• About this exercise: Please reproduce the entries below exactly, leaving the pictures out.

• Data in this exercise:
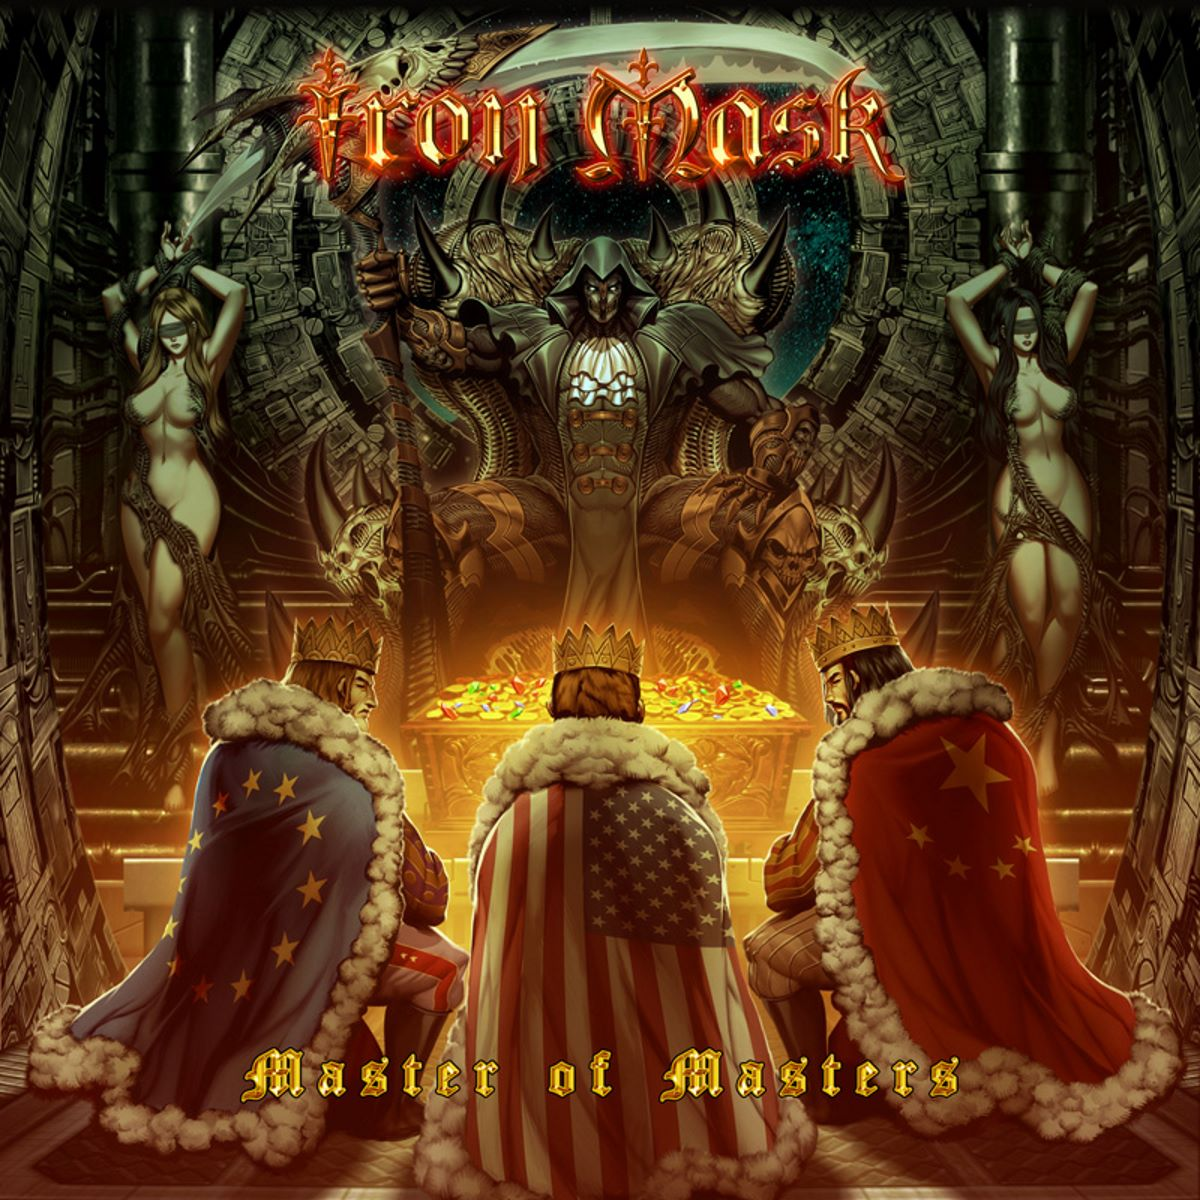 IRON MASK - master of masters - album cover
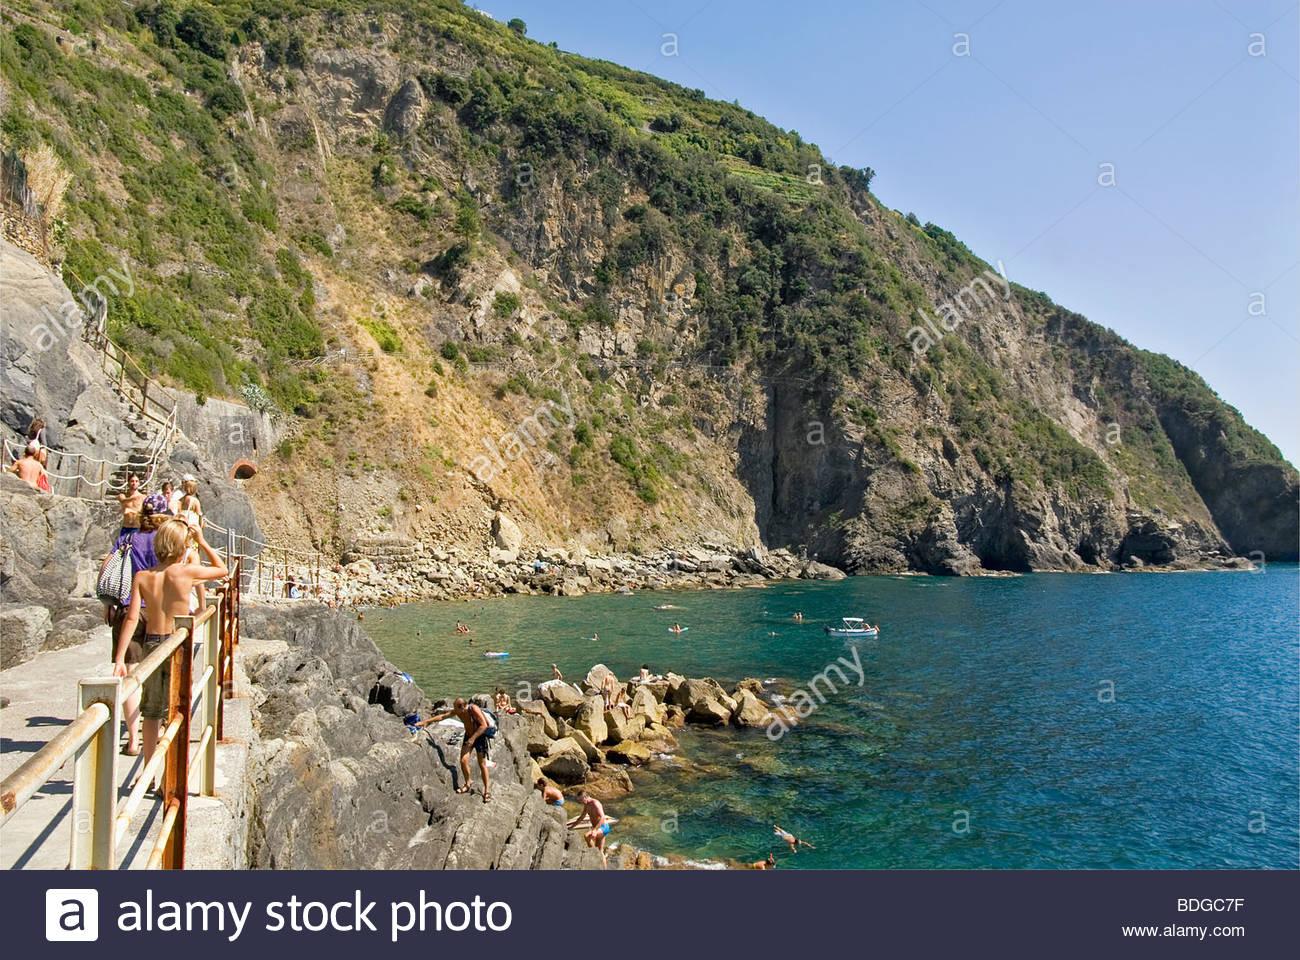 Village at the Parco Naturale Cinque Terre near Riomaggiore at the Ligurian Coast, North West Italy. - Stock Image
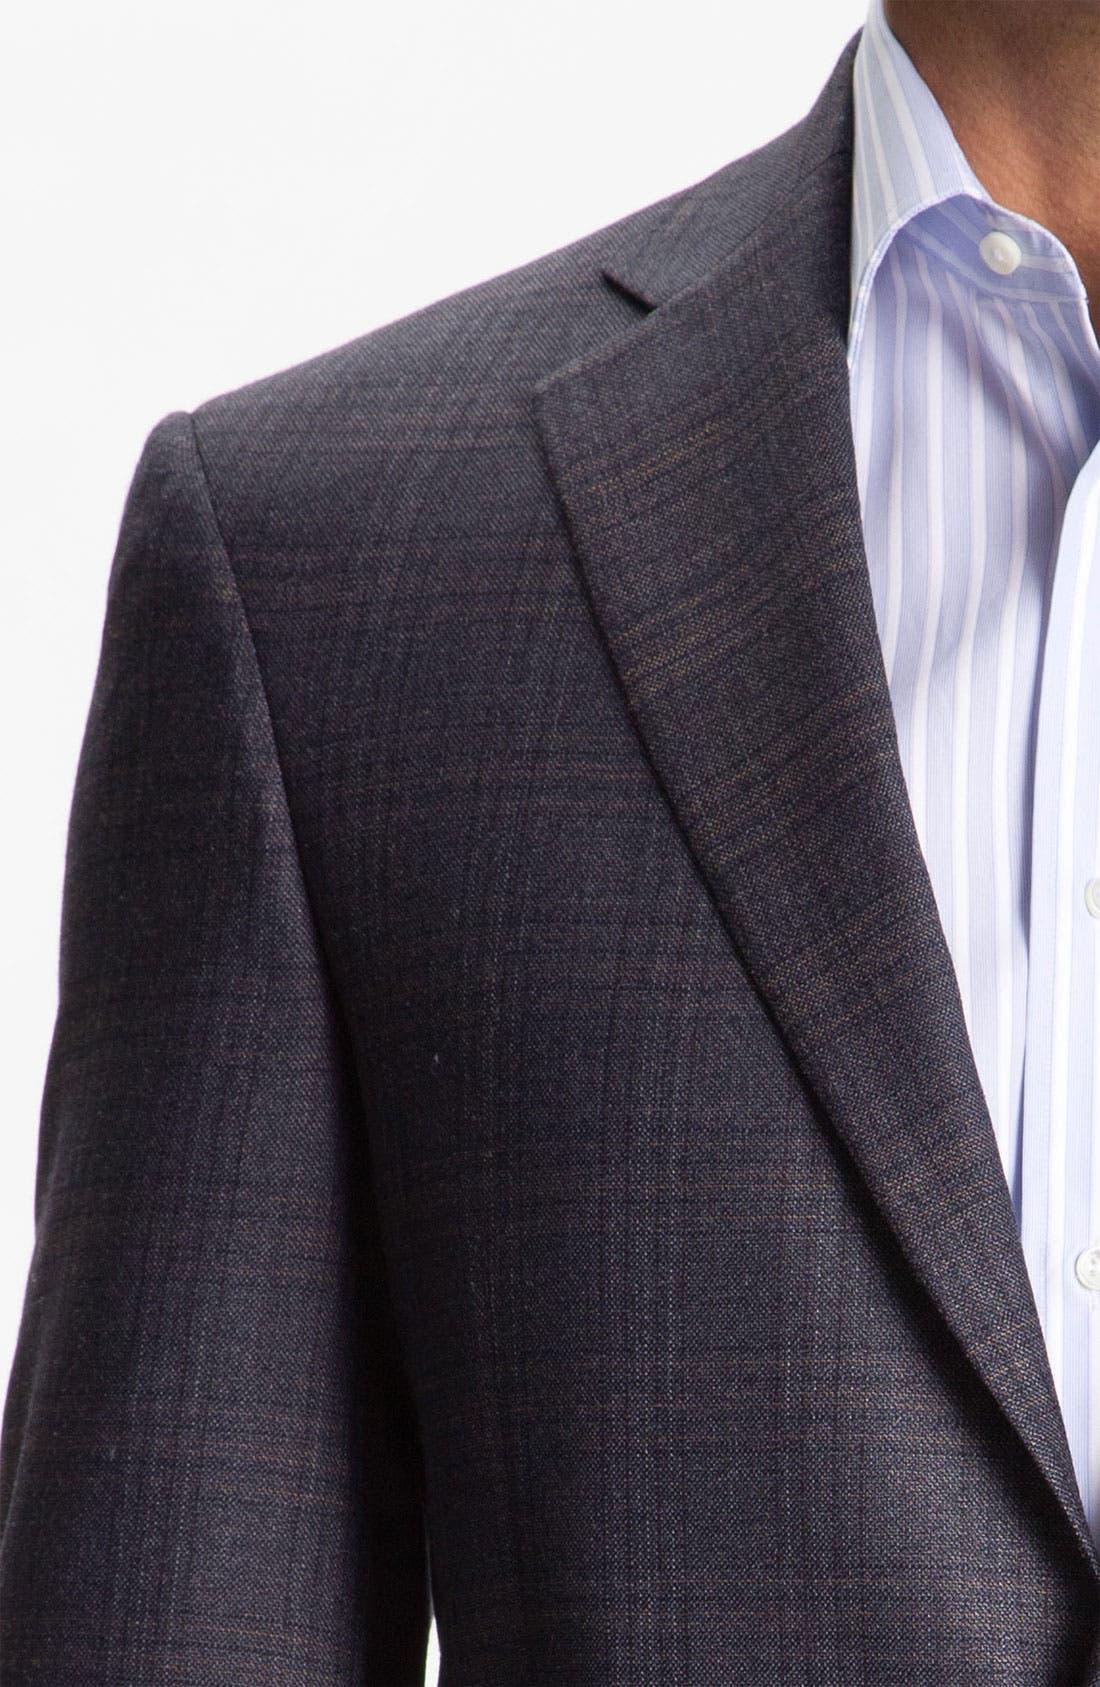 HART SCHAFFNER MARX, Plaid Sportcoat, Alternate thumbnail 3, color, 401
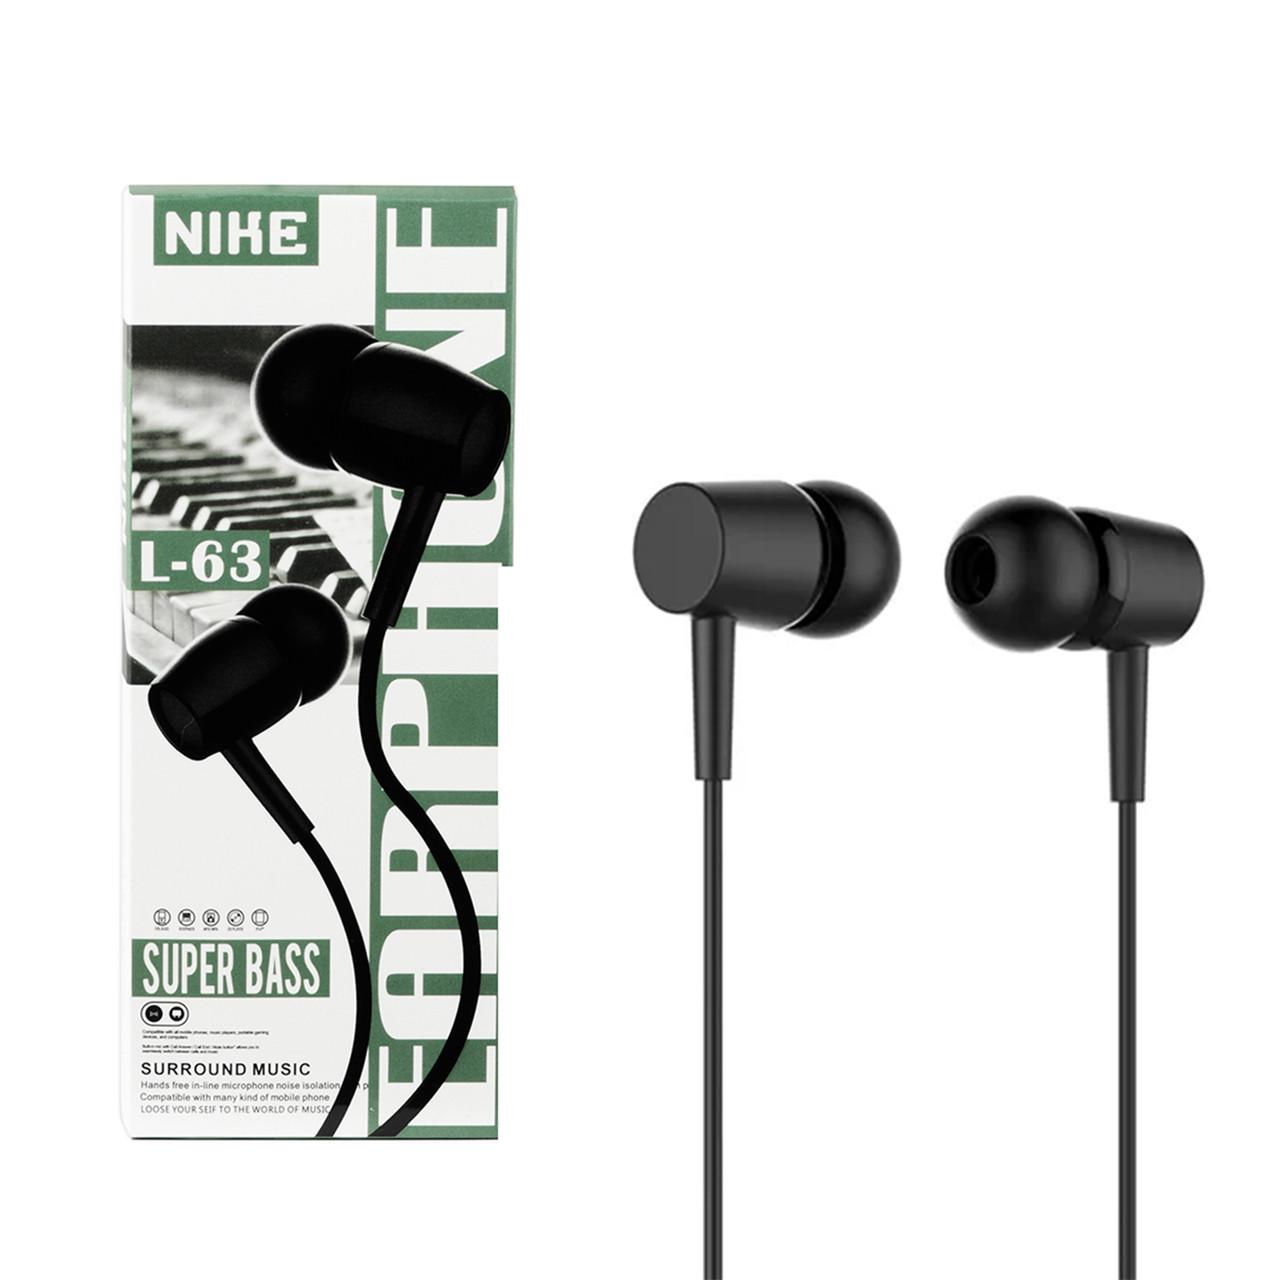 Гарнитура Nike L-63, Black
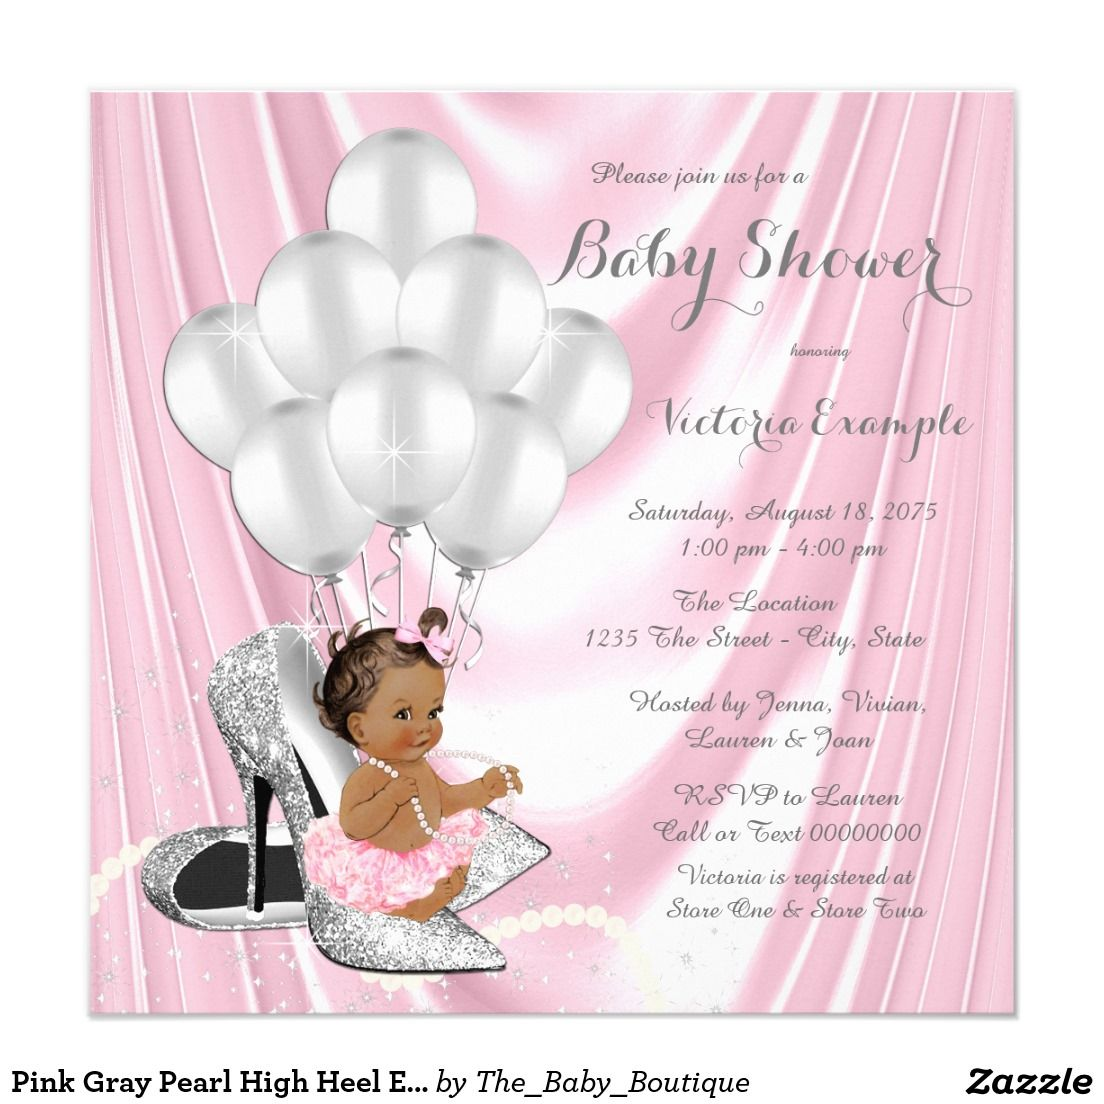 Pink Gray Pearl High Heel Ethnic Baby Shower Invitation | Ethnic ...
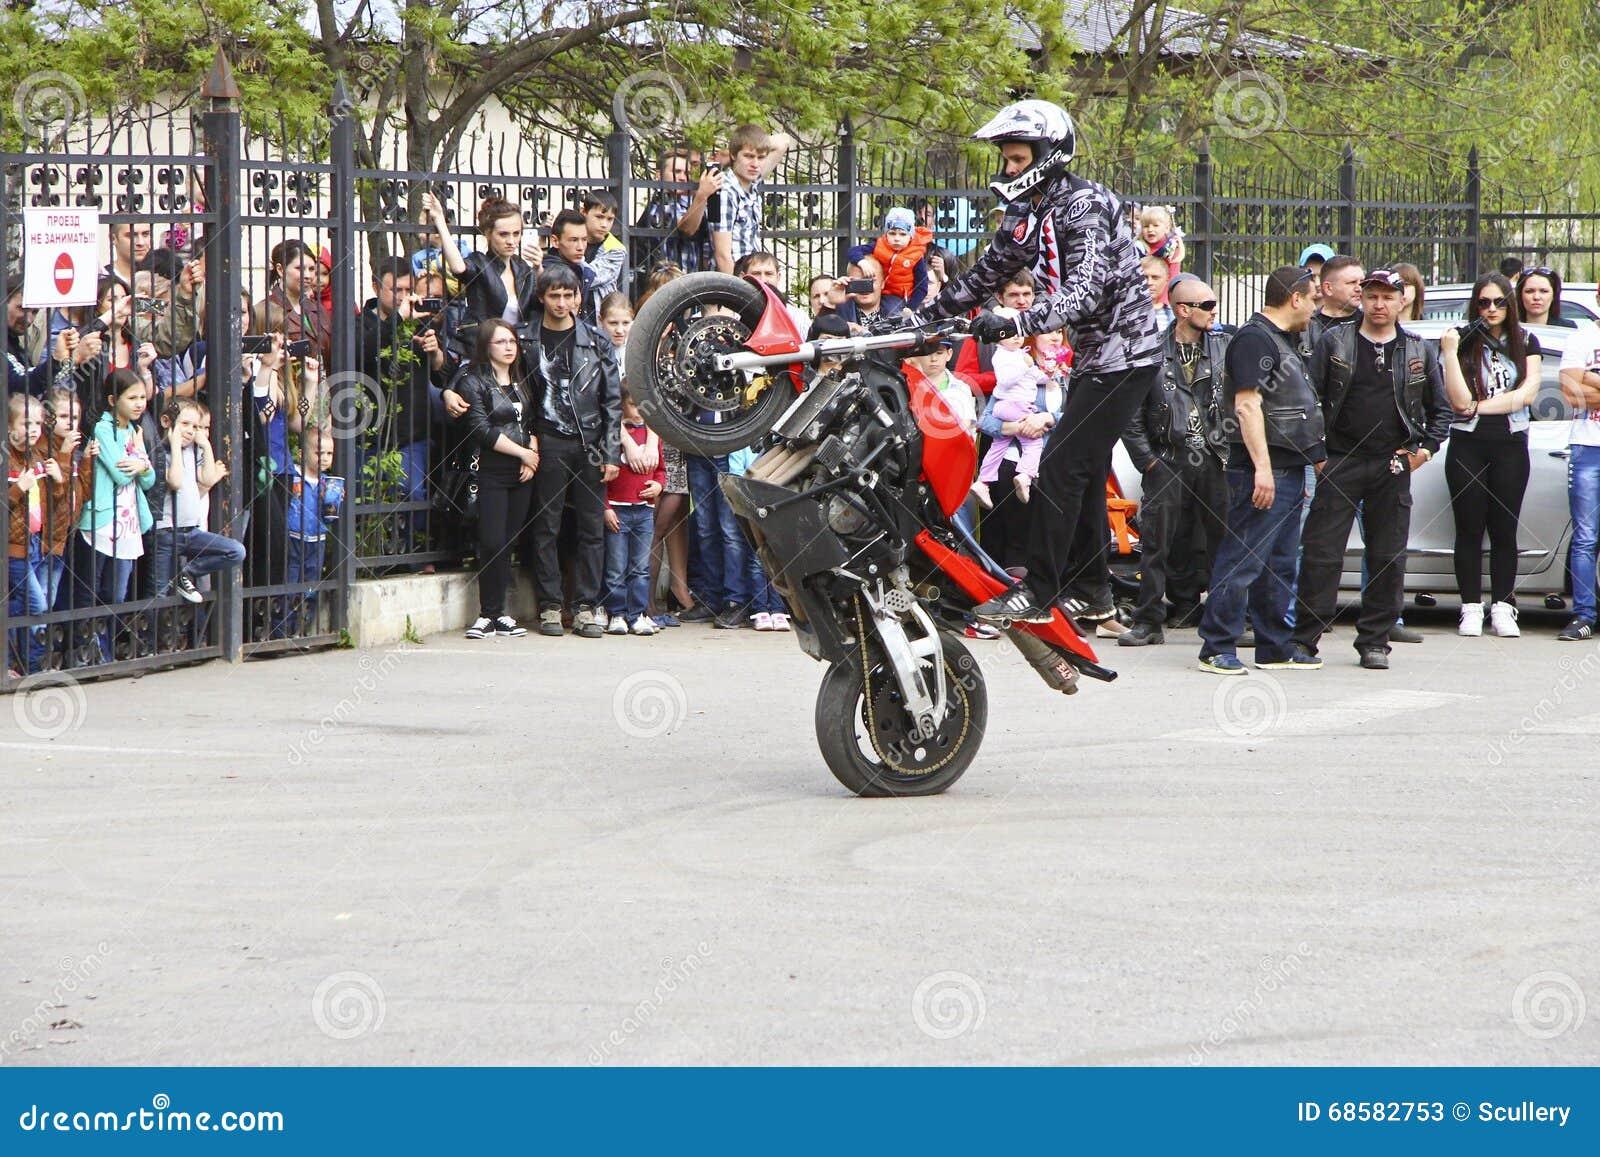 Motofree moto free style pilot stunting on the square editorial stock photo

• Response box:
 IRON MASK - master of masters - album cover
 Village at the Parco Naturale Cinque Terre near Riomaggiore at the Ligurian Coast, North West Italy. - Stock Image
 HART SCHAFFNER MARX, Plaid Sportcoat, Alternate thumbnail 3, color, 401
 Гарнитура Nike L-63, Black
 Pink Gray Pearl High Heel Ethnic Baby Shower Invitation | Ethnic ...
 Motofree moto free style pilot stunting on the square editorial stock photo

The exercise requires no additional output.